Notes from the tree (observations about languages the system doesn't place at the right place):
 
(1) Since the system is designed to react to signals that link languages over thousands of years, the sub-classifications within the sub-families are sometimes not exact - especially if these languages are very close to each other. Examples on the tree are Croatia/Serbian, Russian and Tahitian. These language get classified in their right sub-family, but at the wrong place within this sub-family.
(2) Sanskrit can in some way be regarded as near proto-language for the Indo-Aryan family. It gets classified within the Iranian family in the same area as Avestan, itself one of the oldest Iranian languages. This is because it is closer to its relative of thousands of years ago than to its descendents. (Avestan to Sanskrit (Vedic) - distance = 37,6 and Hindi to Sanskrit (Vedic) - distance = 54,4.) It is a limit of a tree representation.
(3) The Uralic branch has strong links both to the Altaic and to the Indo-European ones, but the statistical significance of these links is not strong enought for now. The "Uralo-Altaic" hypothesis used to be a widely accepted hypothesis in the past. Today, many scholars reject this classification, others argue a broader common origin where Uralic, Altaic, Indo-European and other families share a common origin (see source). In eLinguistics, the relatedness signals between the Uralic and the Altaic languages are quite strong: Pairwise comparisons like Finnish to Kazakh and Hungarian to Mongolian show very strong relatedness signals with a very low p-value (low probability that the results are due to chance).
The eLinguistics results alone will not restore the Uralo-Altaic hypothesis but bring interesting facts for discussions about this issue!
The Tungusic family is isolated (the branch linking it to the Altaic family is too far left in the "statistic noise area") - altough quite strong relationships appear in queries for the genetic proximity between Oroqen and Kalmyk and Mongolian.
(4) The Altaic family - if considered as linking only the Mongolic and Turkic subfamilies - is reflected here with a very strong statistical significance.
(5) The Cushitic and Omotic sub-families are linked to the Semitic, Egyptian (ancient Egyptian and Coptic), Berber and Chadic ones (Afroasiatic macro family). The Afroasiatic classification reflected in eLinguistics.net is very close the the Classification by Christopher Ehret (1995 - Reconstructing Proto-Afroasiatic (Proto-Afrasian): vowels, tone, consonants, and vocabulary. University of California Press. ISBN 0-520-09799-8.)
 
Other remarks:
 
- Latin - as the proto-language of the Romance sub-family, should be linked more centrally in the Romance sub-tree.
- Some sub-classifications within the sub-families are sometimes not exact whenever languages are very close to each other. Examples on the tree are Slovene and Russian.
- Armenian gets classified at the very edge of the Indo-European family in this system. Armenian stands as one of the most isolated IE language, which is reflected also here.
- Khowar is also a language which doesn't find its right place in this system. Its classification should be the Dardic branch of Indo-Aryan.

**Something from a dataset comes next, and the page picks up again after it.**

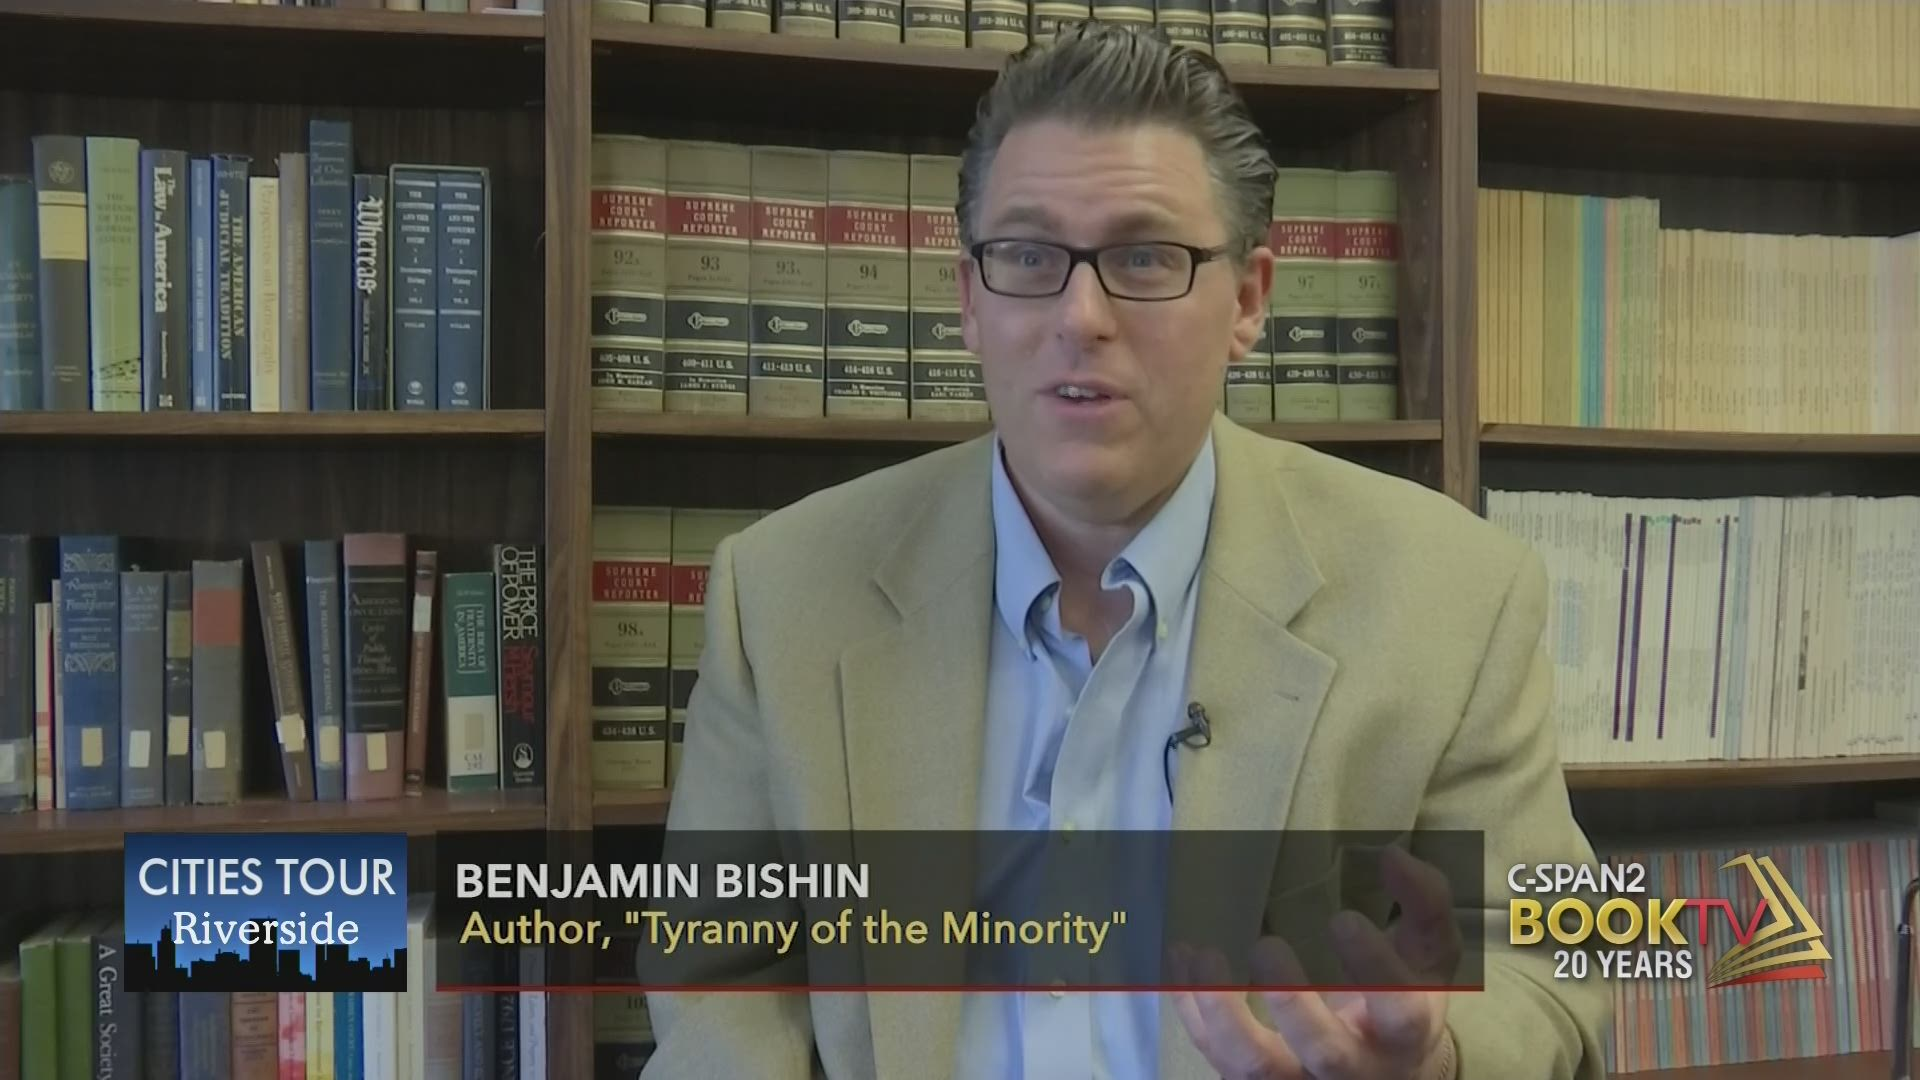 tyranny of the minority examples

7 languages of the study don't get classified within a macro-family: Ainu, Burushaski, Elamite, Georgian, Japanese, Korean and Sumerian. These languages are not represented in the tree. Creoles (French Creoles and Sranan) and languages with too few available words (Etruscan, Hurrian, Lycian, Mycenaean, Nenets, Phrygian, Umbrian and Urartian) are also excluded from the tree as they bias the results, with pairwise comparisons based on 1 to 5 words. For a better visibility, languages like Provencal, Romansch, Ladin, Bavarian... are note classified in the tree.

Oscan is represented as the only member of the Sabellic Family, although only a dozen words is available. This language ranks at its right position in the tree.

The farther left the branches are being linked at, the less reliable the classification is. A value of 40 on the tree corresponds to a genetic distance of 80 is the comparison query. In most cases, pairwise comparisons with a genetic distance of 80 have a p-value of 0,1 or more - this is a level where chance dominates the results.

All classifications are done automatically, without manual intervention. The position of a few languages inside the sub-families on the language evolutionary tree can be subject to discussion, but all languages get classified in the right sub-family.

The clustering technique used to generate the tree from the distance matrix is UPGMA (Unweighted Pairwise Group Method with Arithmetic-mean). The neighbor-joining tree technique brings very similar results.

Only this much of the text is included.